The most surprising thing about the Gowers report PDF) on the future of copyright in Britain, which was released Wednesday afternoon, is that so much of it is so rational. In fact, so many of its recommendations are good that it seems almost churlish to carp about the few that aren’t. Still, that’s what we’re here for.

First, the good. Gowers’ report came down in favor of exceptions for: derivative and transformative works, archives’ and libraries’ preservation copies, research, distance education, caricature, parody, and pastiche. It recommended creating an exception for limited private copying – format shifting. (As American readers may not know, it’s technically illegal in the UK to rip a commercial CD and copy the resulting MP3s to an iPod.) Similarly, it’s hard to object to the recommendation that Trading Standards be given the power to crack down on counterfeit CDs at boot sales and so on.

The probably biggest news: Gowers recommended firmly against copyright term extension in sound recordings, against the pleadings of Big Music. The basis for this was largely an economic report (PDF) commissioned specifically for the review that is utterly worth reading for its careful analysis of what facts we have about the economics of older recordings.

Its findings in brief: the costs of term extension to consumers are greater than the benefits to the recording industry. The economic report invalidates a number of claims made by the record industry. The impact of term extension on the balance of trade would be negative, because in the biggest two of the 13 countries that have longer terms than the UK does, the US and Australia, UK rightsholders would not be able to benefit under rules known as “comparison of terms”. In the US, the world’s biggest music market ($12.1 billion in 2004), international imports command only 5 percent of sales. The report carefully derives an estimate of £155 million in “welfare loss” to consumers if term were extended. Finally, this report points out that although the term of copyright in sound recordings is shorter in the UK, recordings are protected by a broader array of rights, so simply comparing term length is misleading.

Most of the patent recommendations seem rational, too; Gowers recommends holding the line on barring patents on discoveries, mathematical methods, pure software, and business methods. This is interesting, as the review also recommends continuing to support the development of the EU community patent, which is widely believed by anti-software patent campaigners to be an attempt to sneak software patents into Europe. Gowers also recommends some measures that sound utterly sensible, such as sending Patent Office staff on short-term placements to university research labs so they are kept up-to-date on new technical developments (and are, therefore, presumably less likely to grant patents for which there is prior art).

What’s less certain is what the impact would be of the recommendation that the cost and time involved in obtaining and litigating patents should be lessened. On the one hand, lowering costs and simplifying the legal system would certainly make the patent system more accessible to small businesses. On the other hand, lowering costs will make it cheaper and easier for large businesses, too.

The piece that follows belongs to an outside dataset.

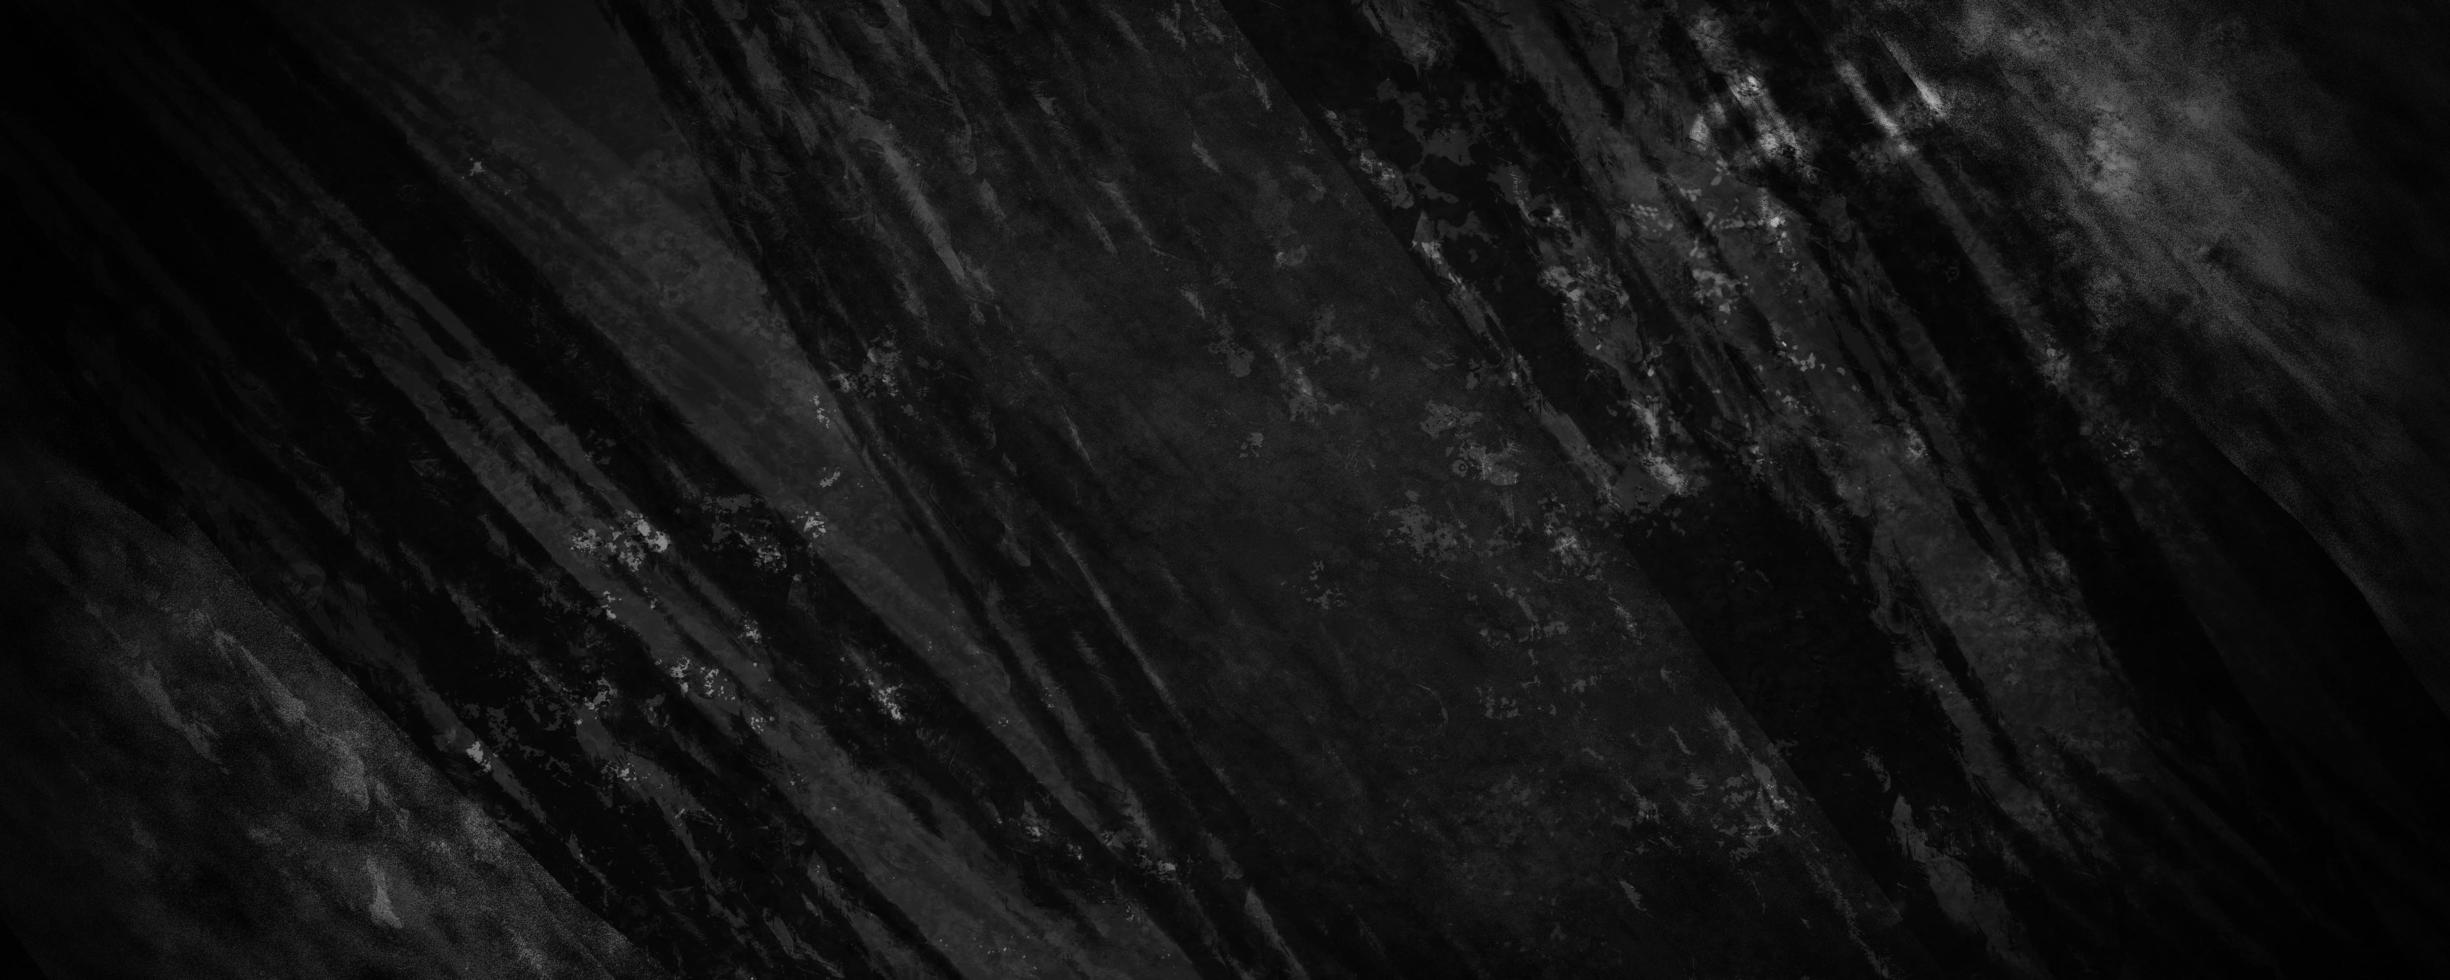 zwarte betoncement korrelige en onscherpe achtergrond met donkergrijze scheuren en verfrommelde rimpels foto

The two recommendations out of 54 that are really worrying are 38, and 39. Number 38 recommends ensuring that “an effective and dissuasive system of damages” exists for civil IP cases. The concern here is in ensuring that a legal distinction is drawn between commercial and non-commercial copying, something I’ve been advocating for years. It is extremely clear that commercial counterfeiting, whether physical or digital, where people pay for fake copies, leaches sales from the rightsholders. (Yes, you can argue that someone who buys a DVD for £5 might not buy the same DVD for £25, and that’s true – but it’s only a matter of time before prices on the officially released DVDs drops, especially with hi-def DVDs coming into release.) It is much less clear if this is true about file-sharing; there is still insufficient research available into how and why people share, and what its impact on the industry really is. If these recommendations are translated into rules that impose huge damages for activity whose actual impact is unknown, this would be a bad thing.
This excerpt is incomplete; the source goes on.